### Data provided:

________

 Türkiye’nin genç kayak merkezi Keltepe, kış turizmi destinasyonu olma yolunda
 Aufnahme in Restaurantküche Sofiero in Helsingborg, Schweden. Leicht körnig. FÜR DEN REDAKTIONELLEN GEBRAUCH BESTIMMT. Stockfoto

________

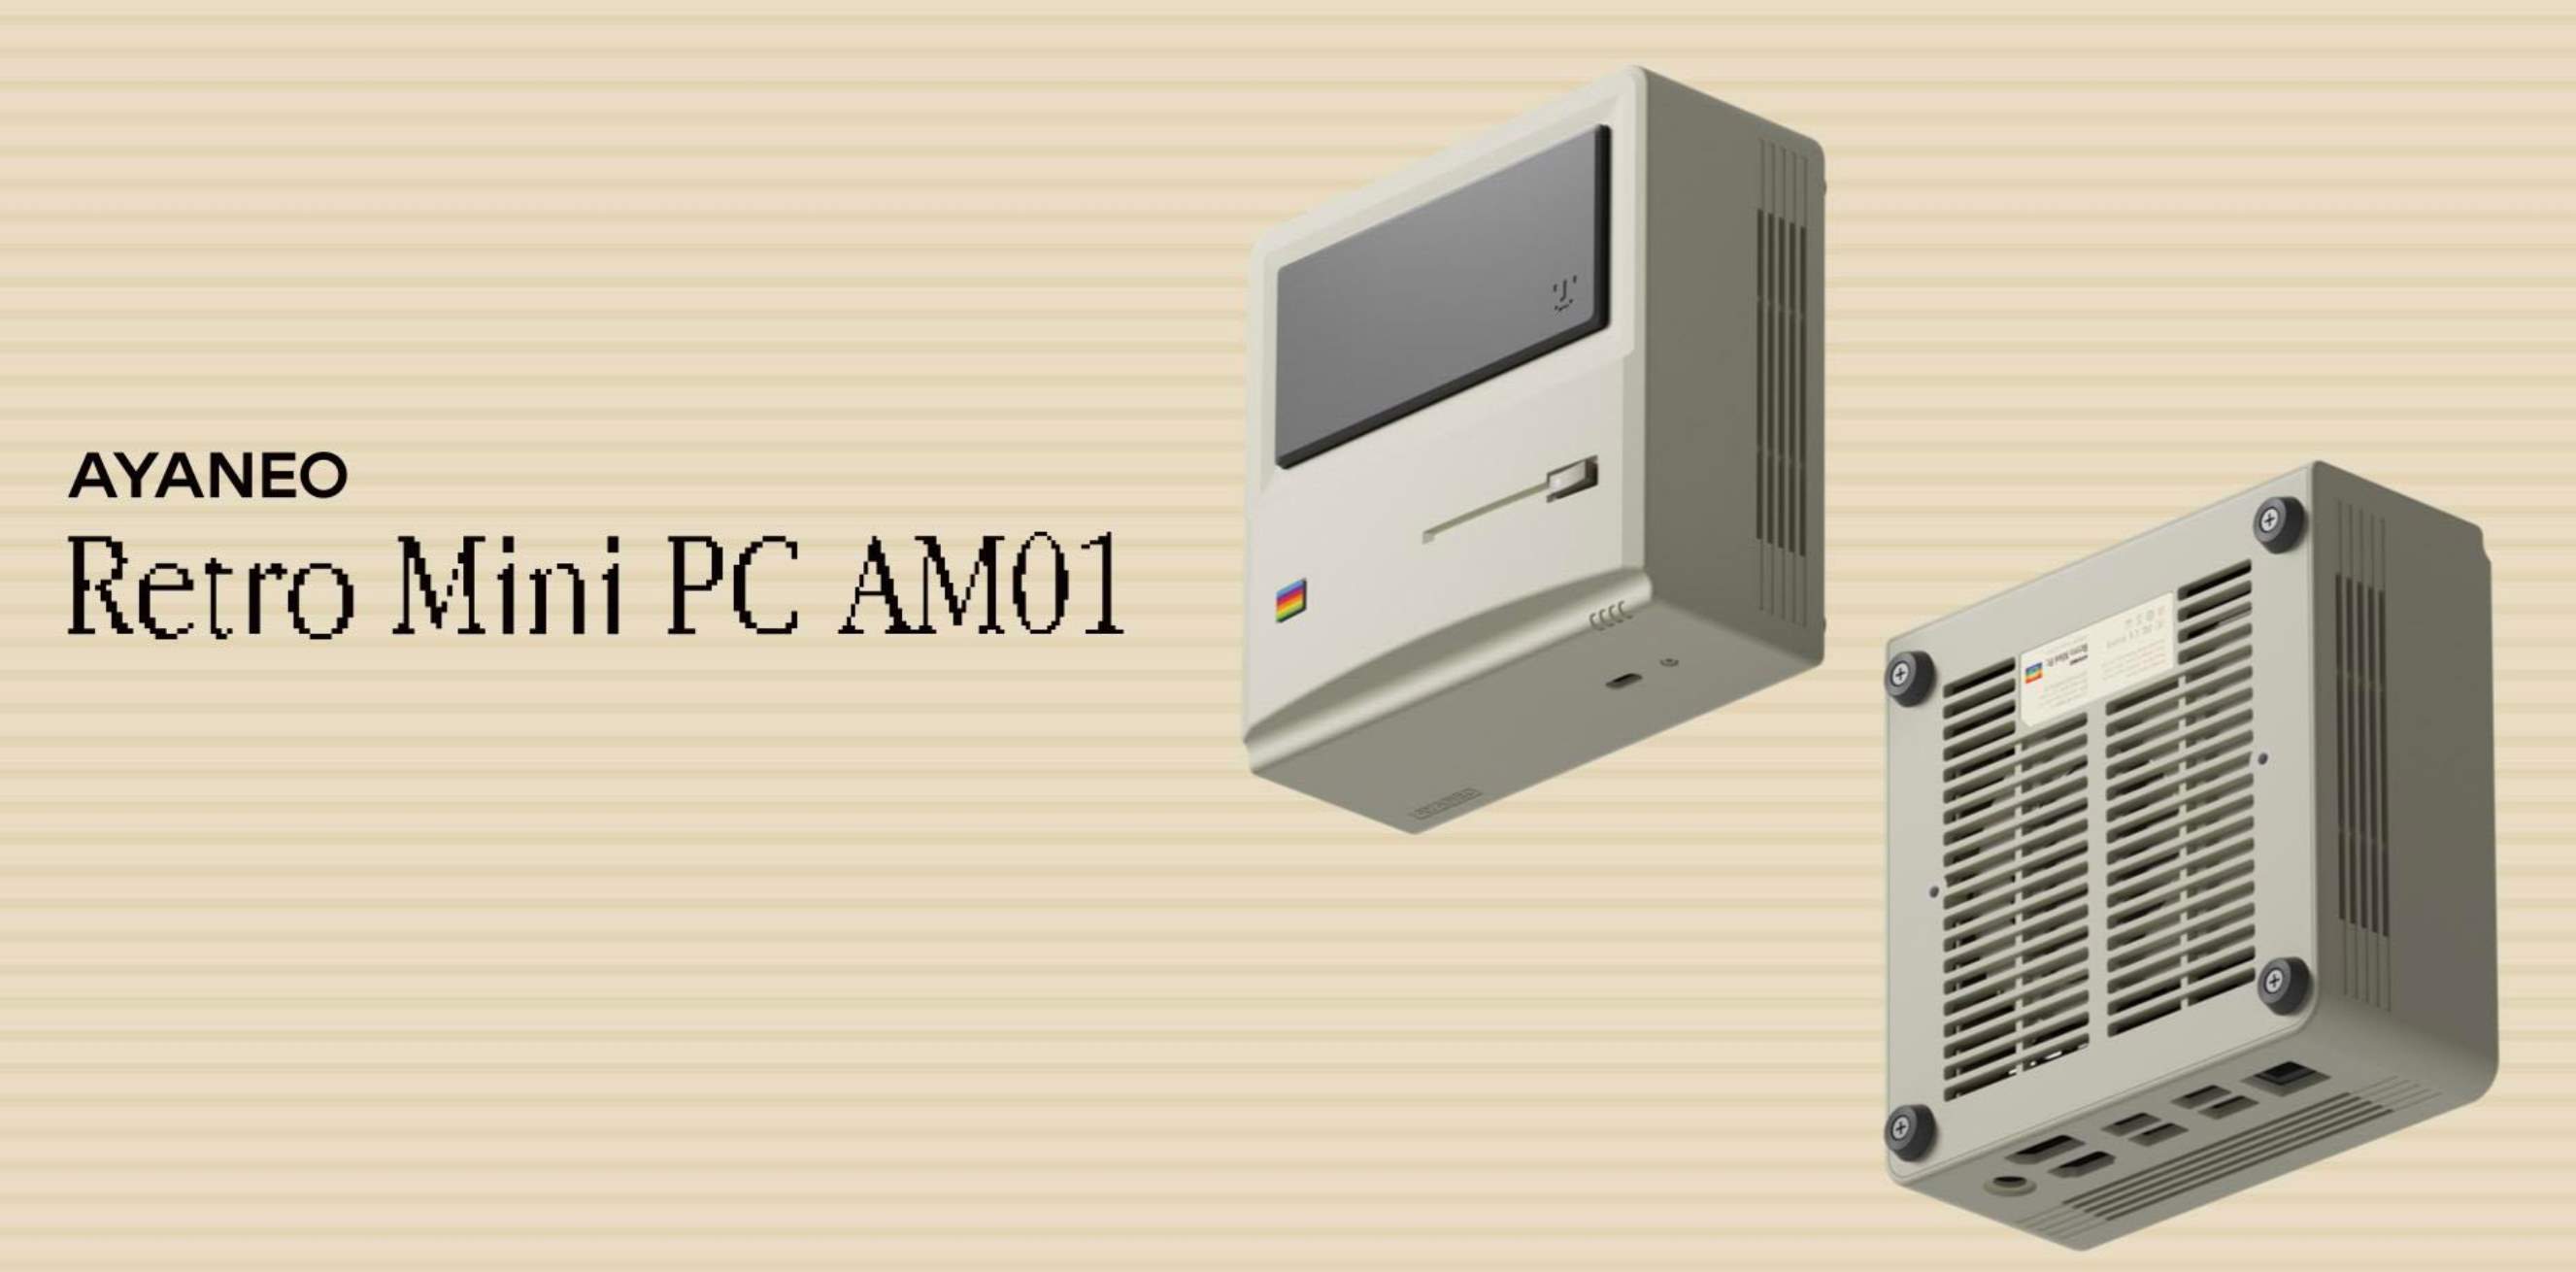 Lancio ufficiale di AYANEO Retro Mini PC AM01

________

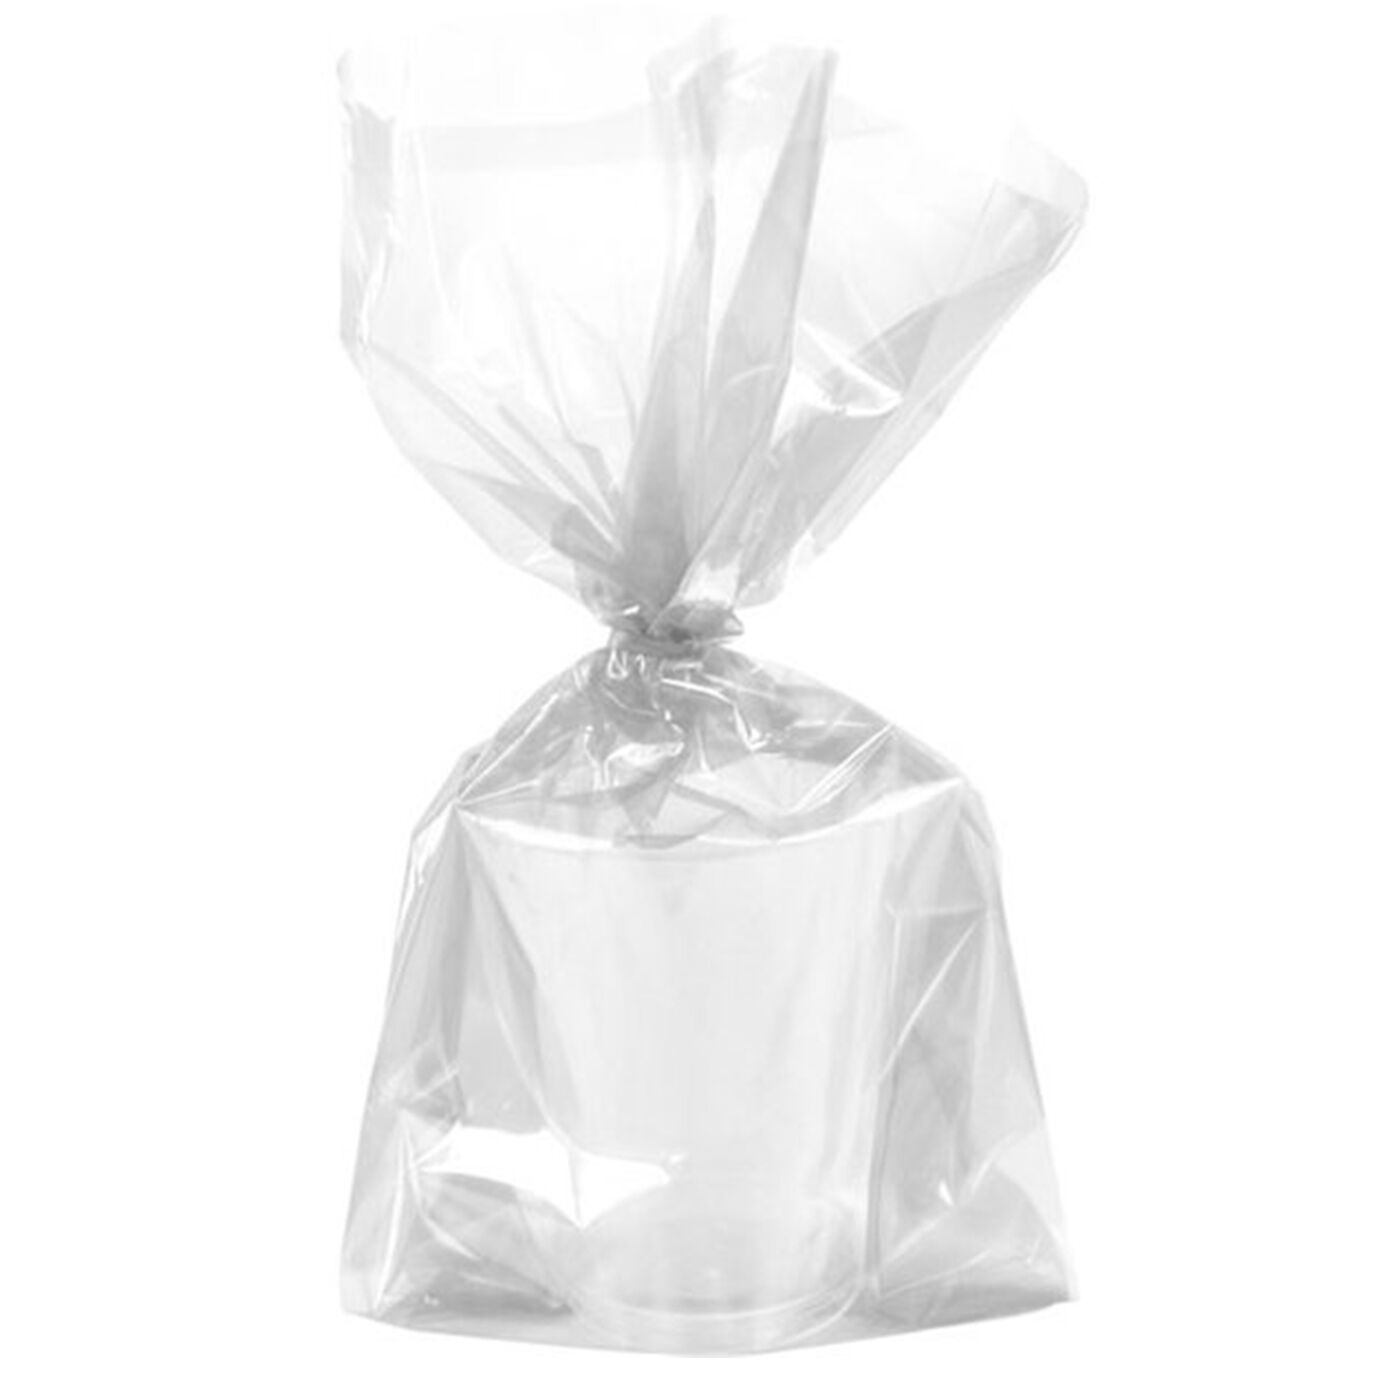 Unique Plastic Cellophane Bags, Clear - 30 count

________

### Required action:
Please reproduce exactly the lines in the listing above from the one containing "Türkiye’nin genç kayak" through the one containing "Aufnahme in Restaurantküche", both included, and nothing more.

### Finished exercise:
 Türkiye’nin genç kayak merkezi Keltepe, kış turizmi destinasyonu olma yolunda
 Aufnahme in Restaurantküche Sofiero in Helsingborg, Schweden. Leicht körnig. FÜR DEN REDAKTIONELLEN GEBRAUCH BESTIMMT. Stockfoto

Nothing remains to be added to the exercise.